(Beginning of SOURCE DATA)

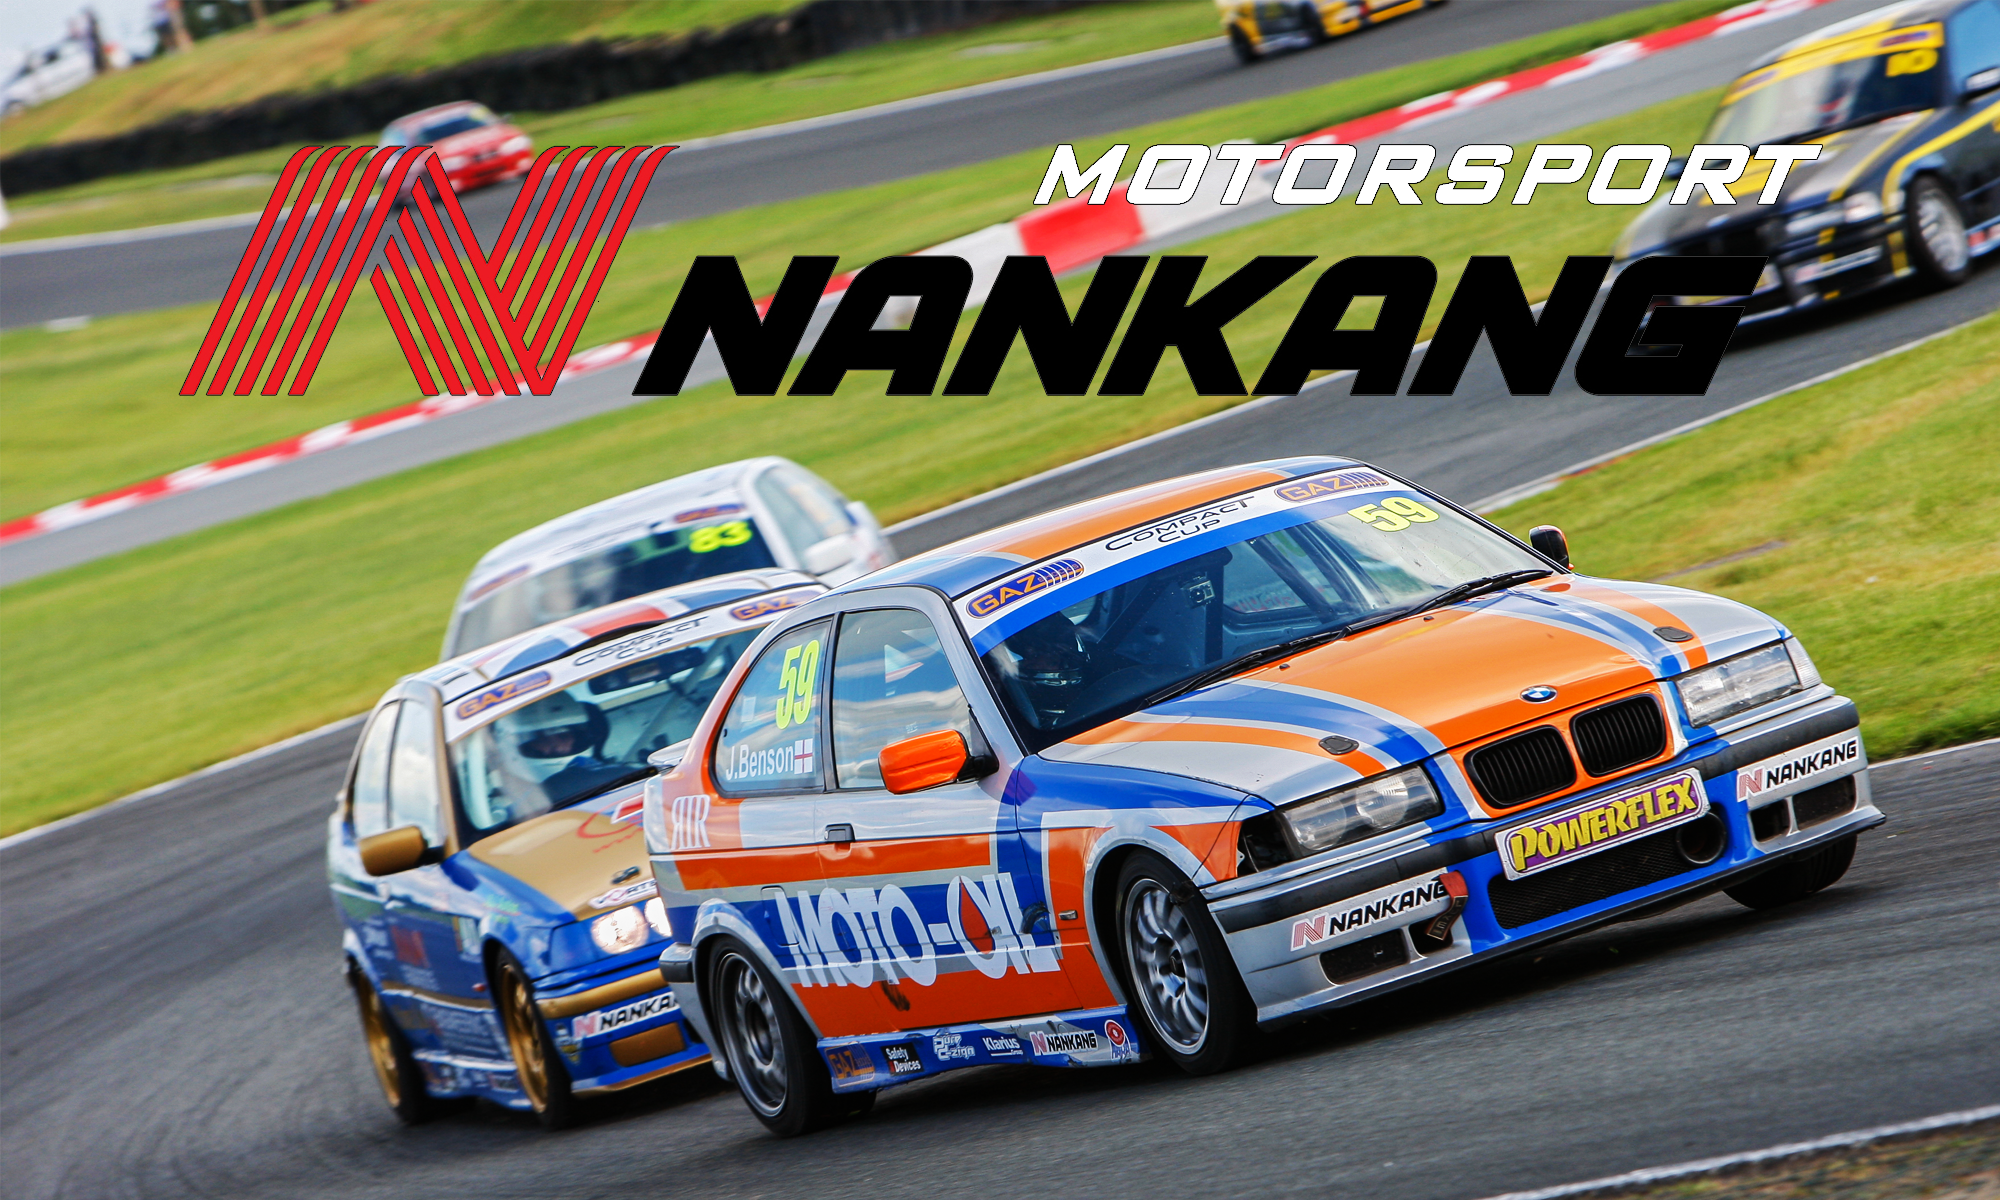 Nankang Racing
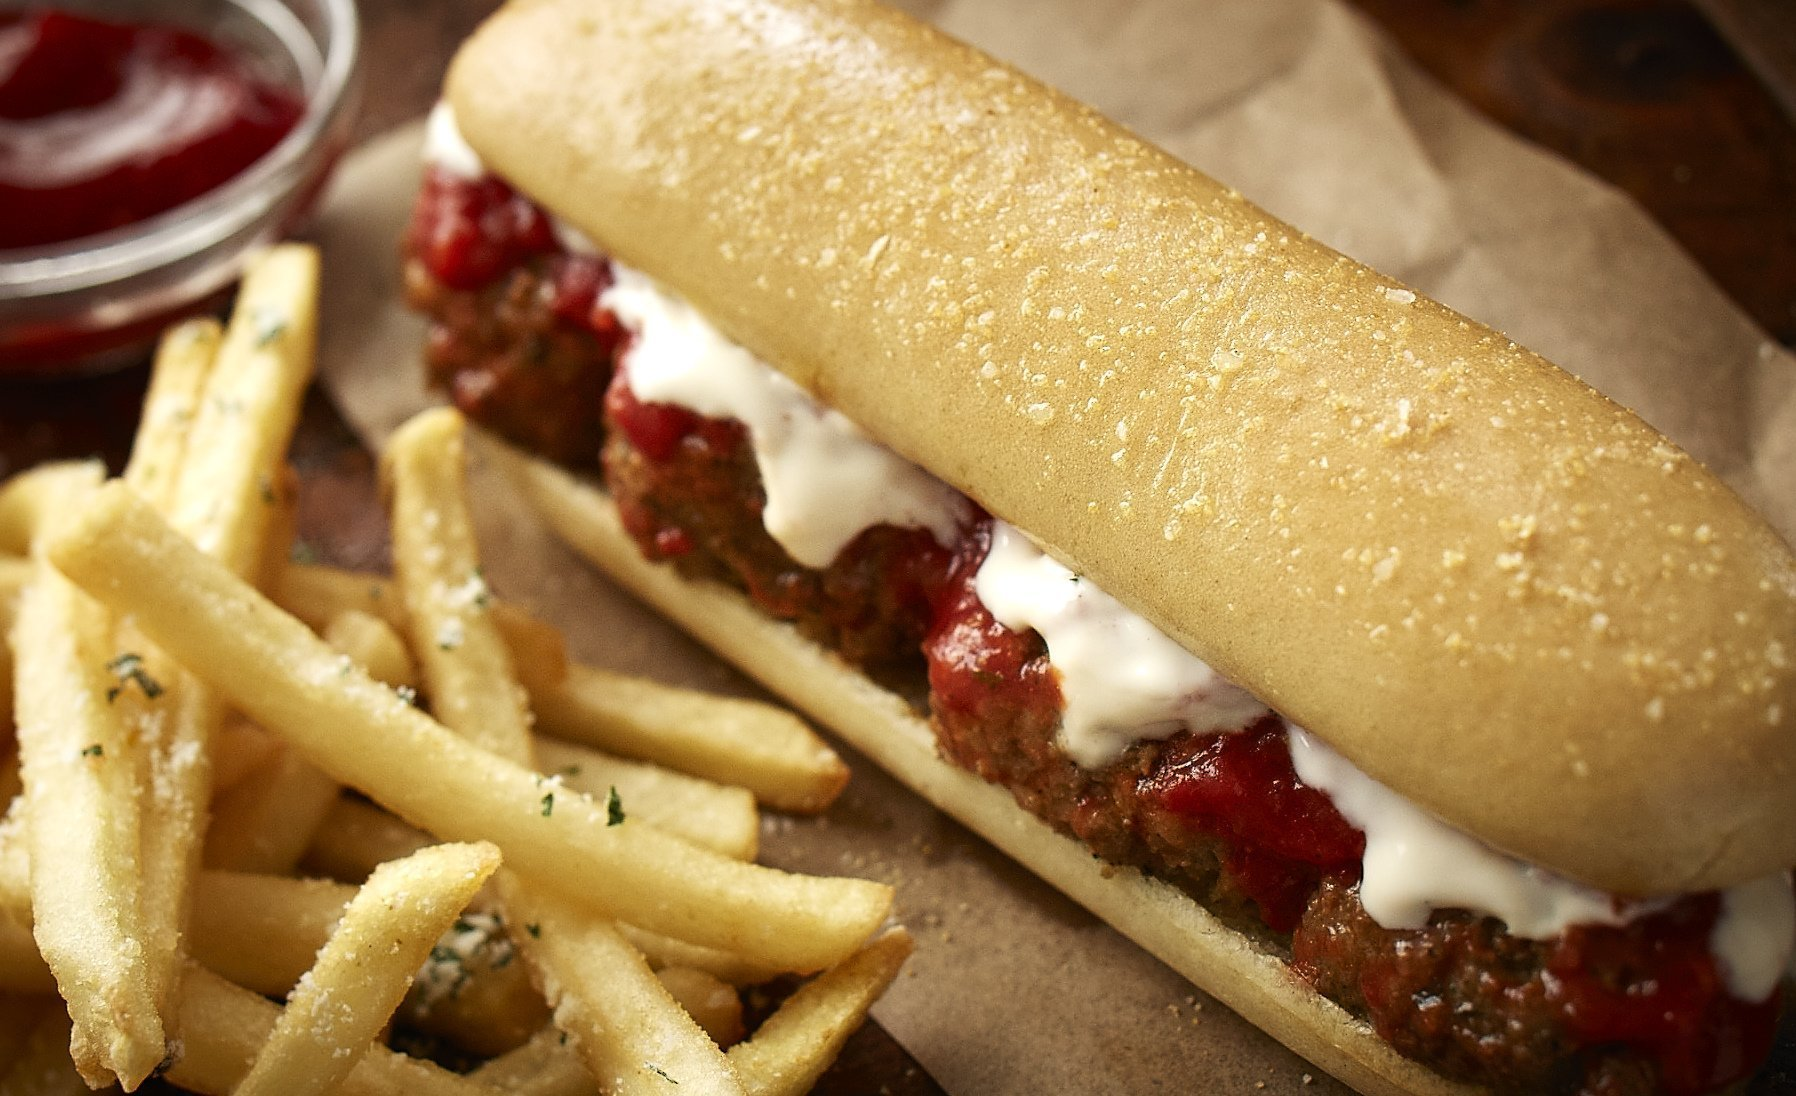 Olive Garden selling breadstick sandwiches - Chicago Tribune
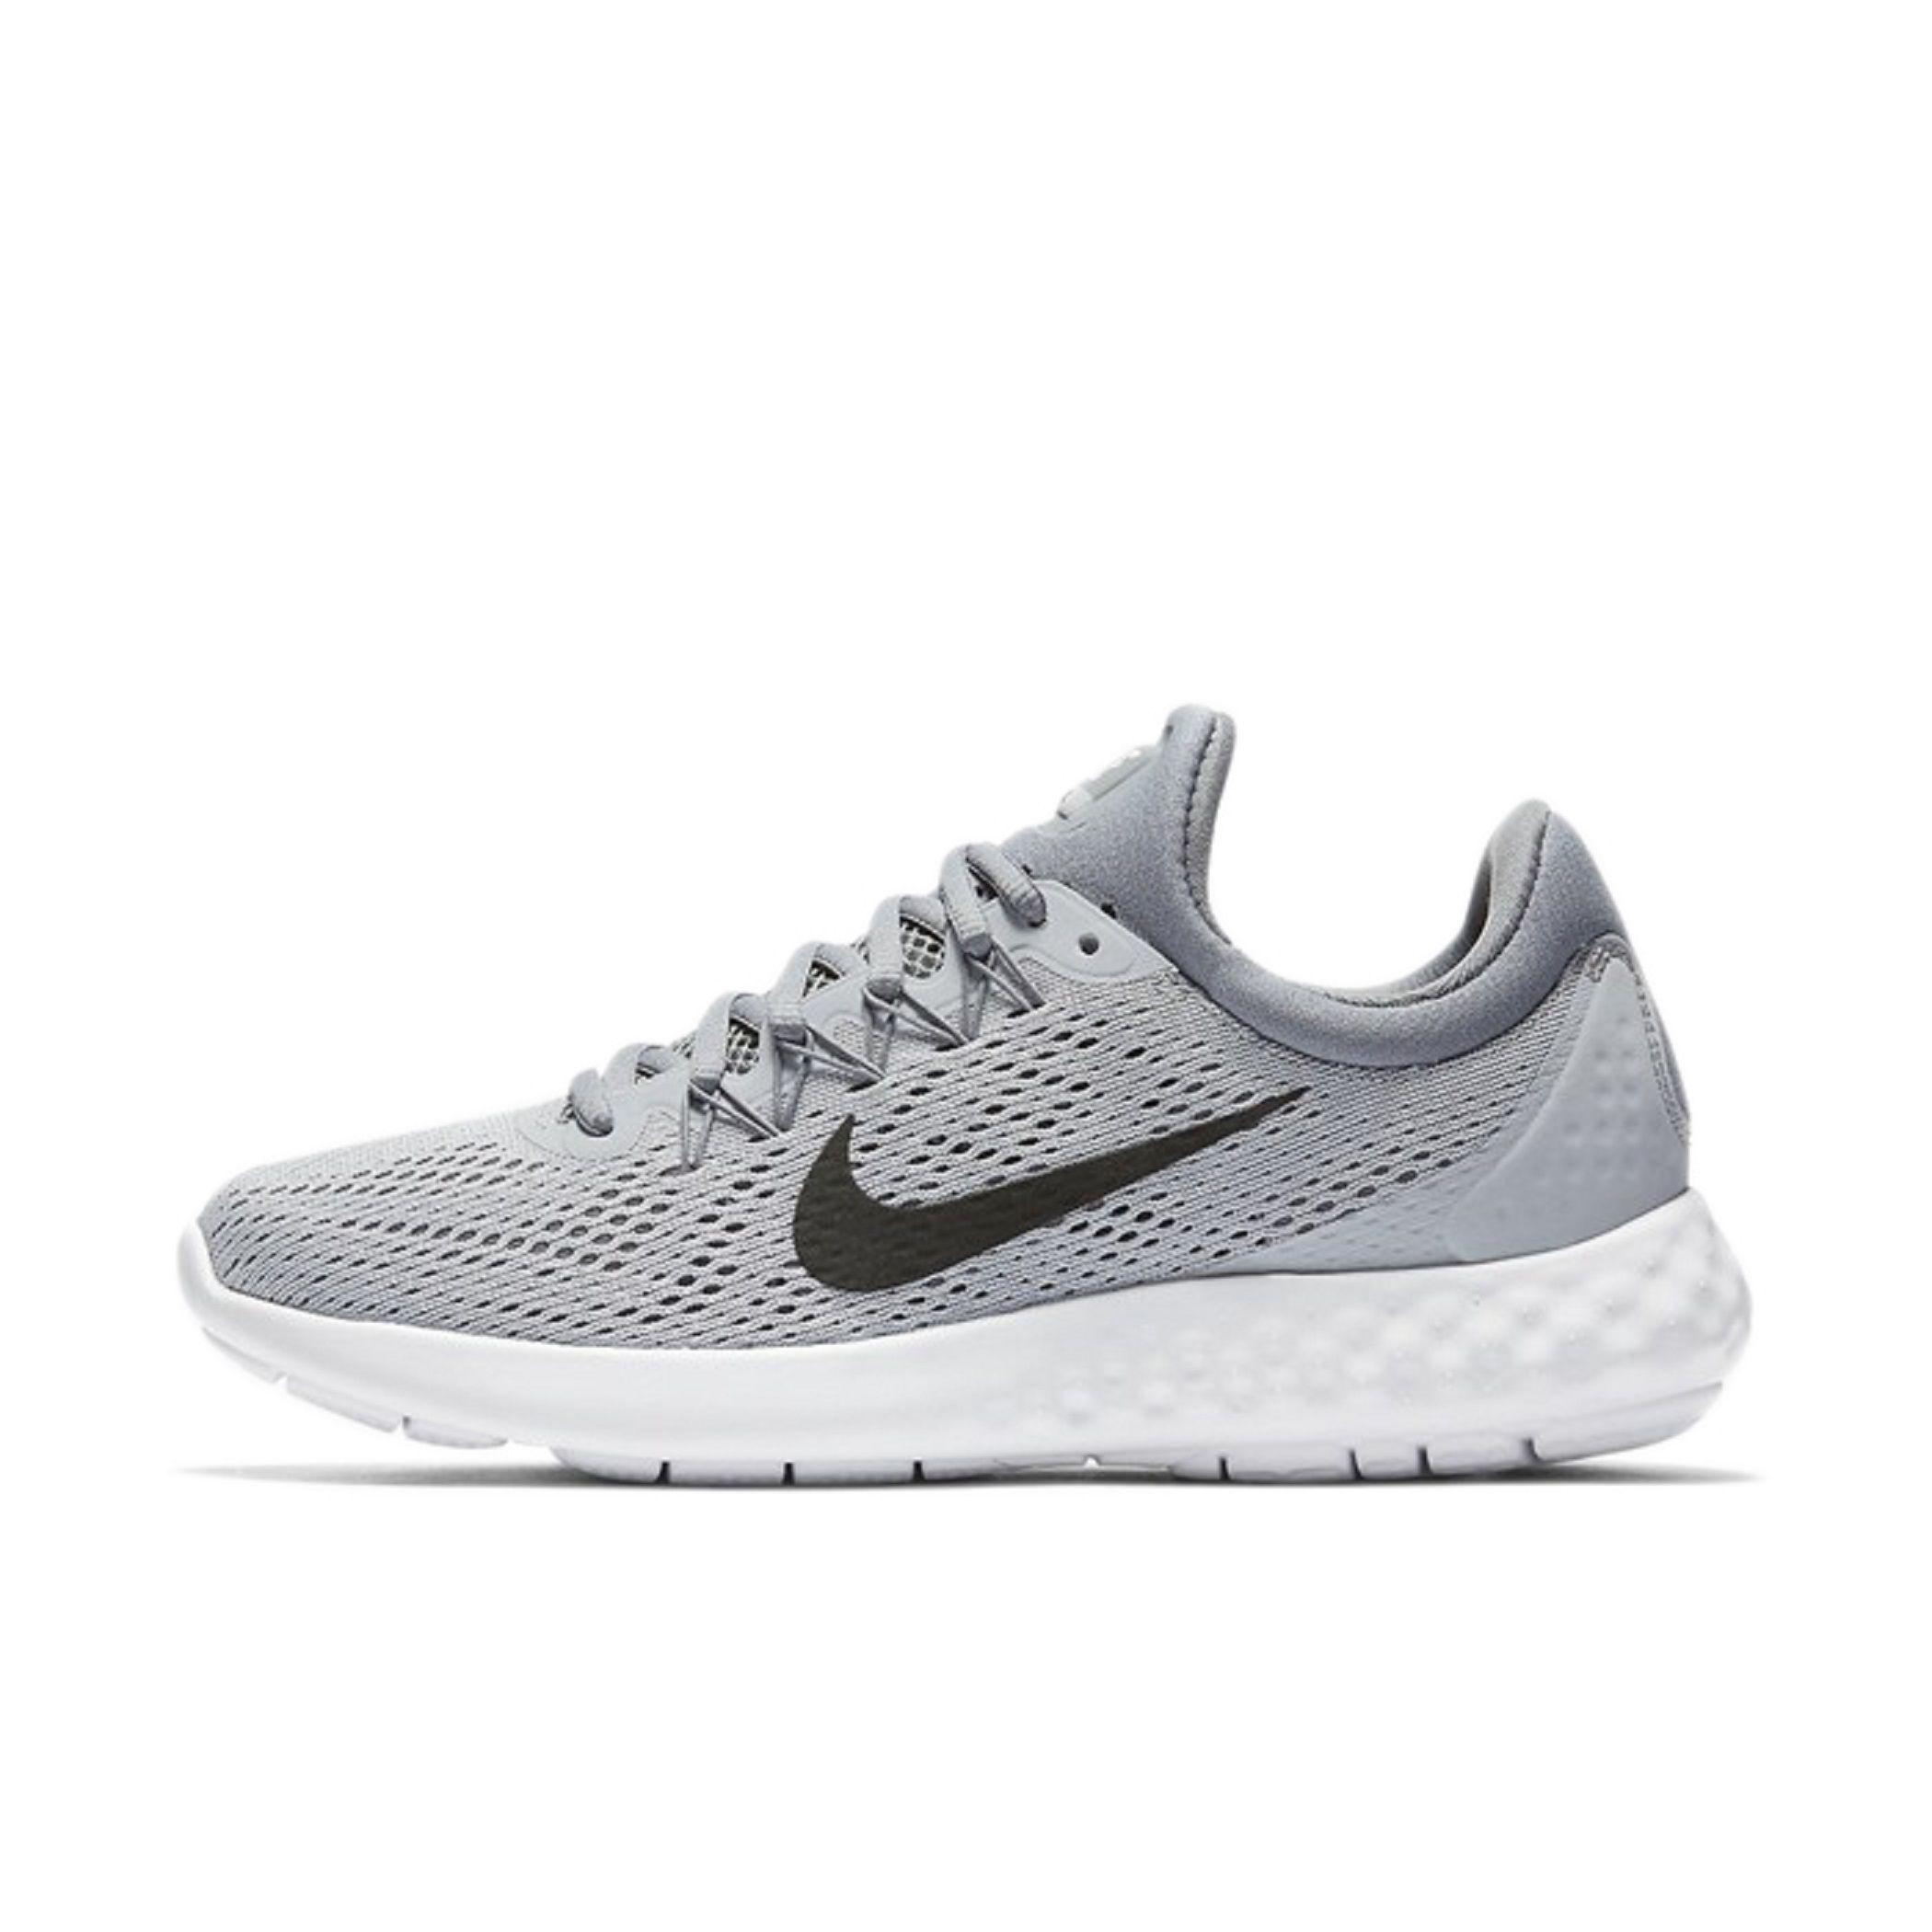 Nike Lunar Skyelux 2018 Blue Running Shoes Buy Nike Lunar Skyelux

(End of SOURCE DATA)

### TASK STATEMENT
Give back every line of the material exactly as written, but not the pictures.

### RESPONSE BELOW
 Nankang Racing
 Olive Garden selling breadstick sandwiches - Chicago Tribune
 Nike Lunar Skyelux 2018 Blue Running Shoes Buy Nike Lunar Skyelux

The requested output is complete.